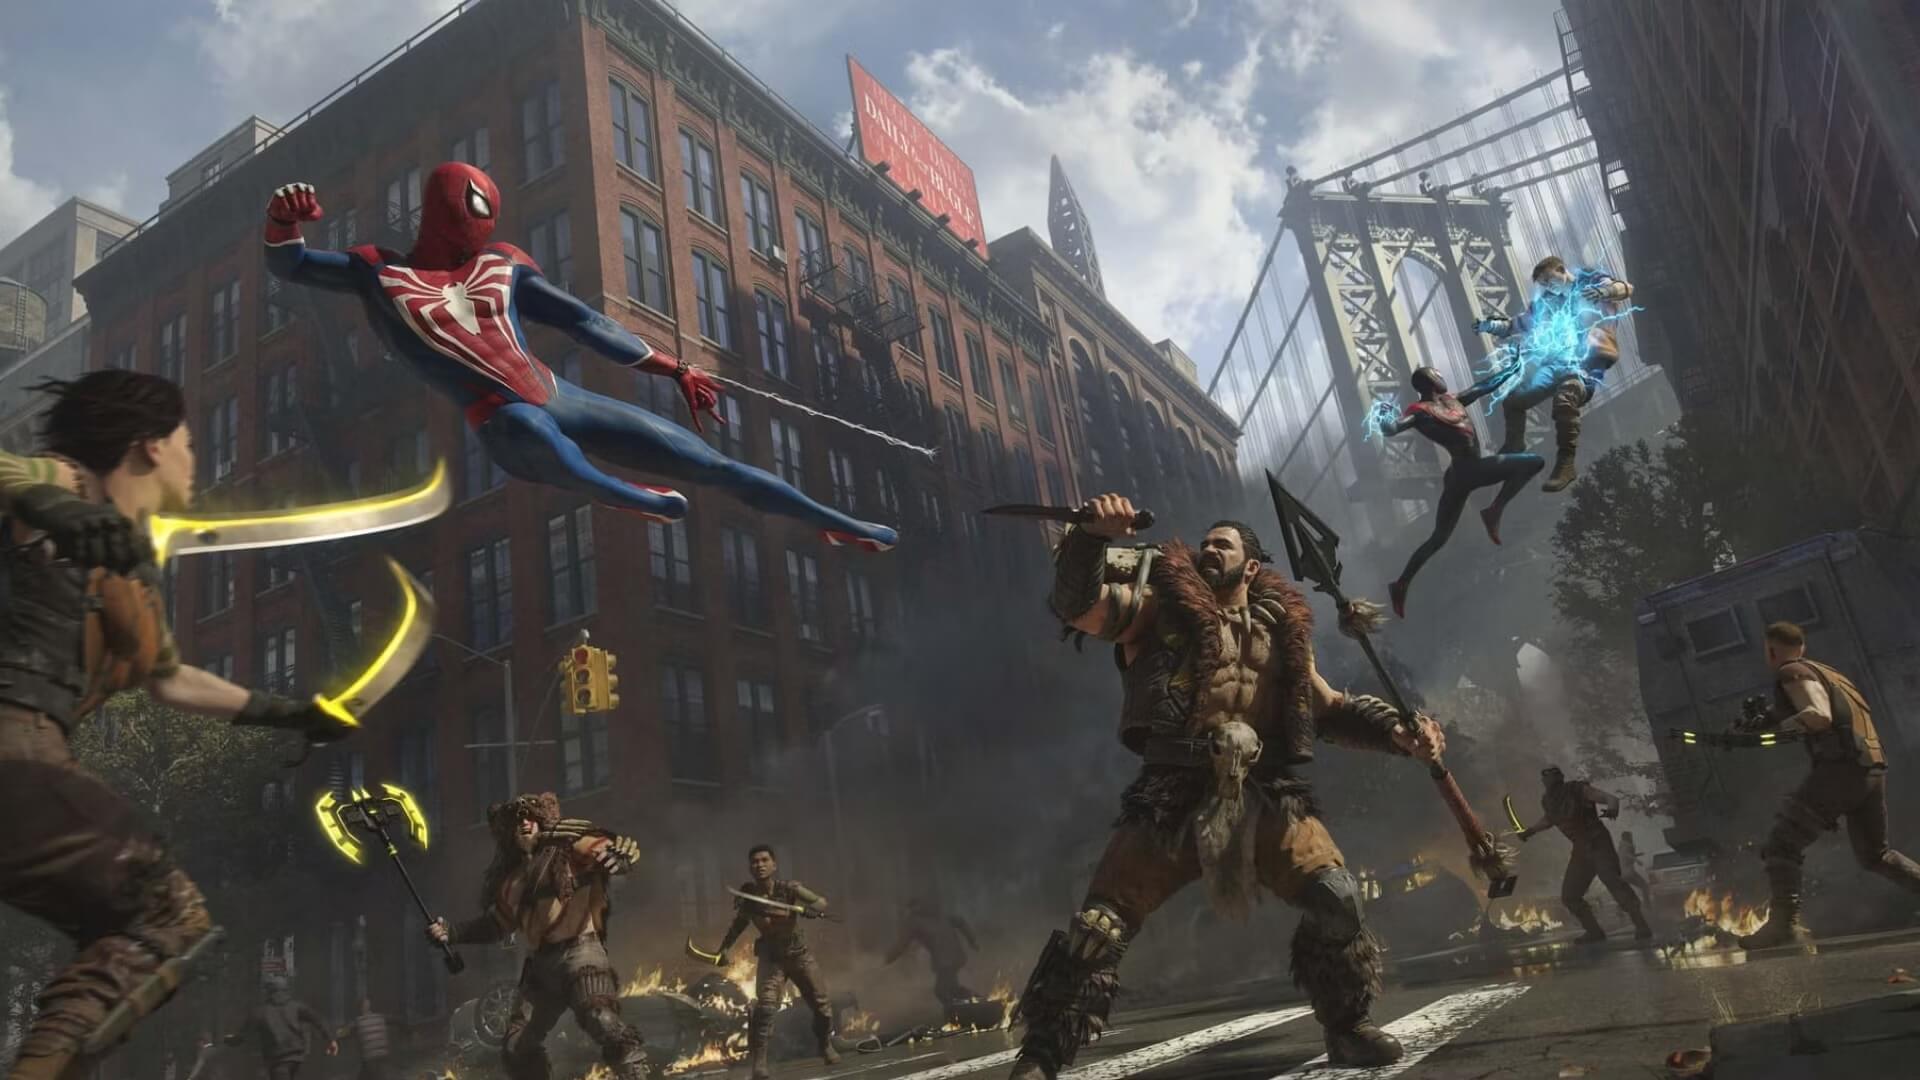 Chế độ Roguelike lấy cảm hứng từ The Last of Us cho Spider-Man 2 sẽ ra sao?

---

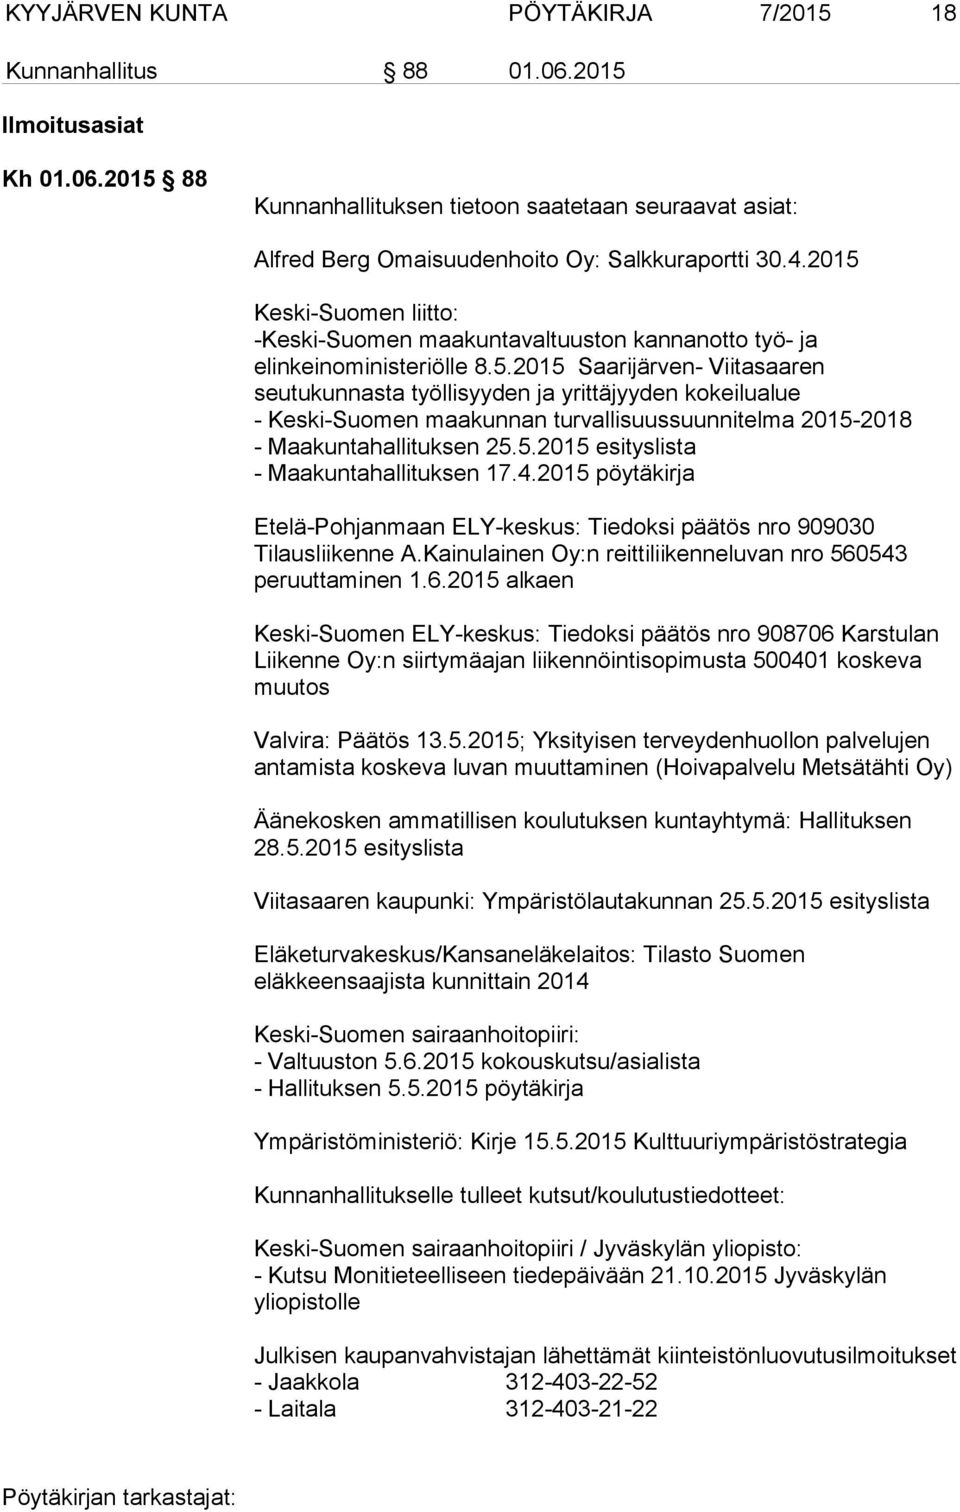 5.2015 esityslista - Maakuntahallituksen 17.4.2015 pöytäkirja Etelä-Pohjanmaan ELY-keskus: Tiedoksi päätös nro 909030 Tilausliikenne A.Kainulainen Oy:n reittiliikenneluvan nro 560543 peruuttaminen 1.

...

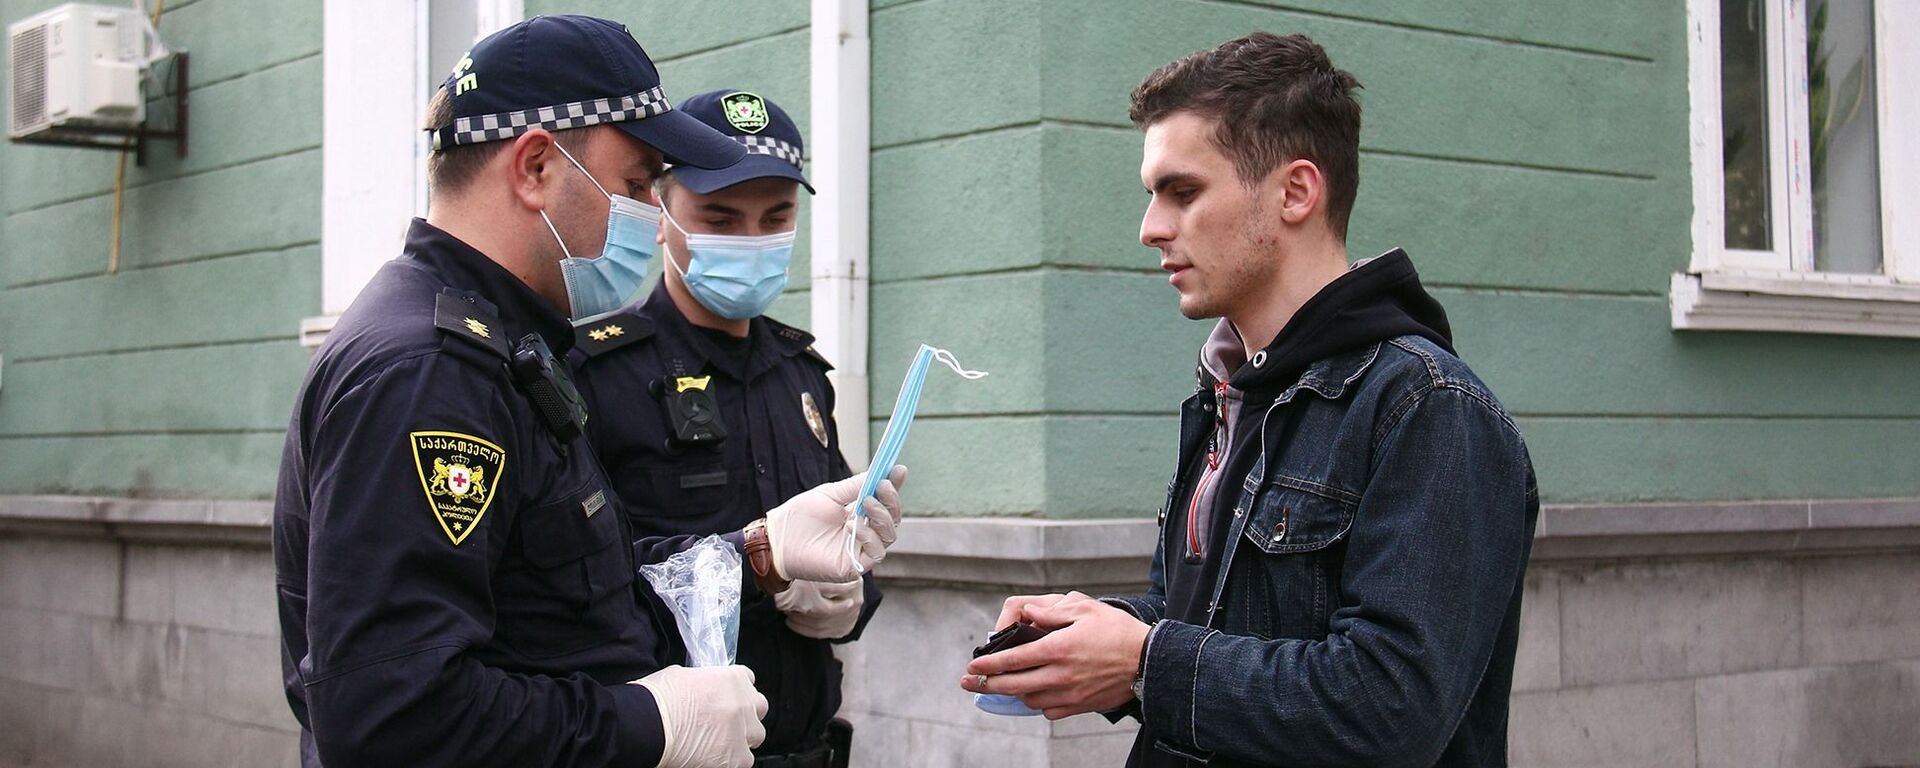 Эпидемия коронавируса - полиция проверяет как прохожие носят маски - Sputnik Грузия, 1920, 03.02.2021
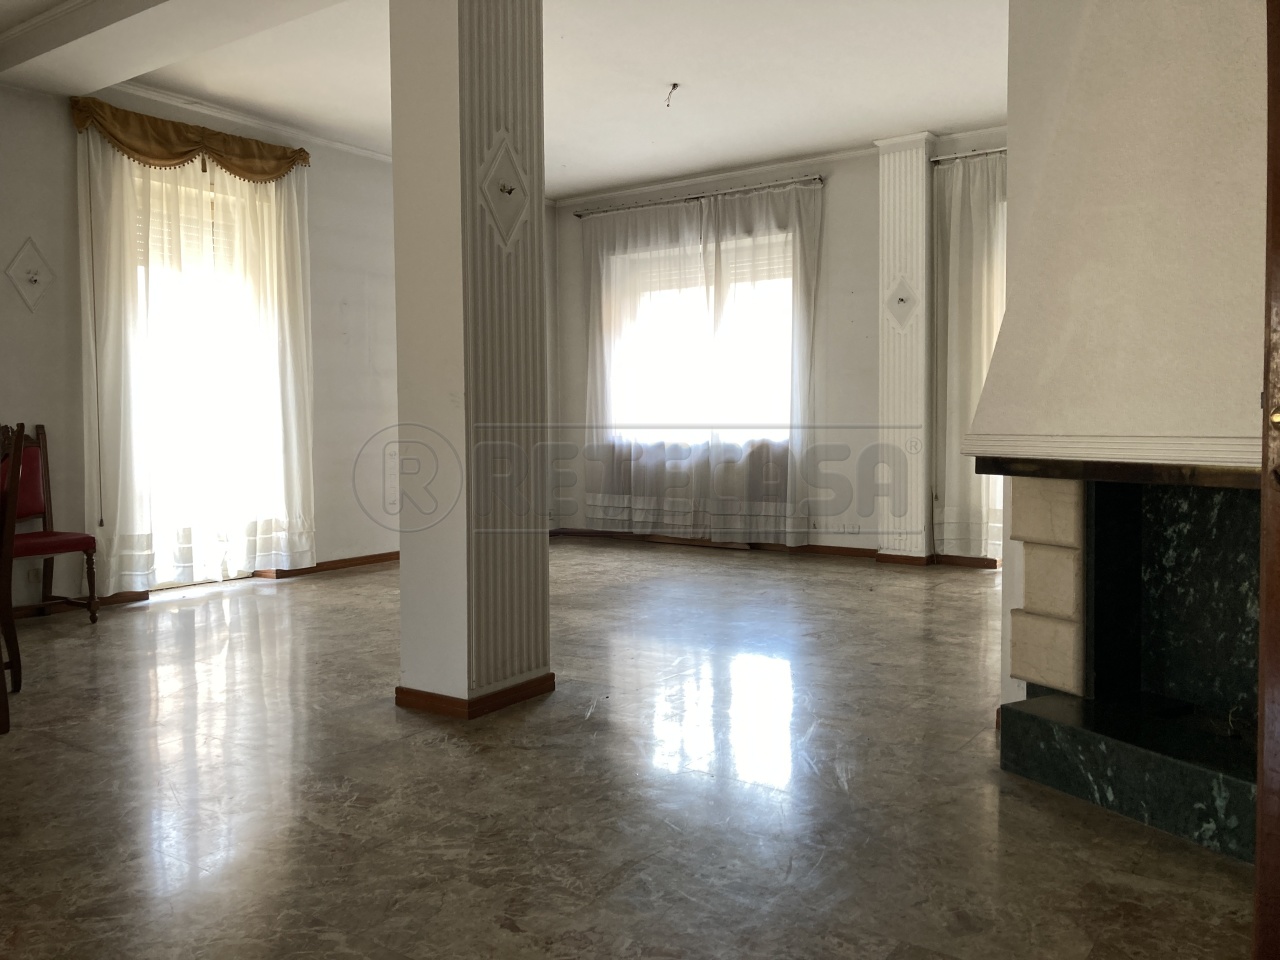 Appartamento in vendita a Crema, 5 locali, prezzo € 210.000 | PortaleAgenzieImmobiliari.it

:: Work instructions ::
In the records above, copy exactly everything from the line that has "Эпидемия коронавируса - полиция" down to the line that has "Appartamento in vendita", both ends included, and leave out the pictures.

:: Task solution ::
 Эпидемия коронавируса - полиция проверяет как прохожие носят маски - Sputnik Грузия, 1920, 03.02.2021
 Appartamento in vendita a Crema, 5 locali, prezzo € 210.000 | PortaleAgenzieImmobiliari.it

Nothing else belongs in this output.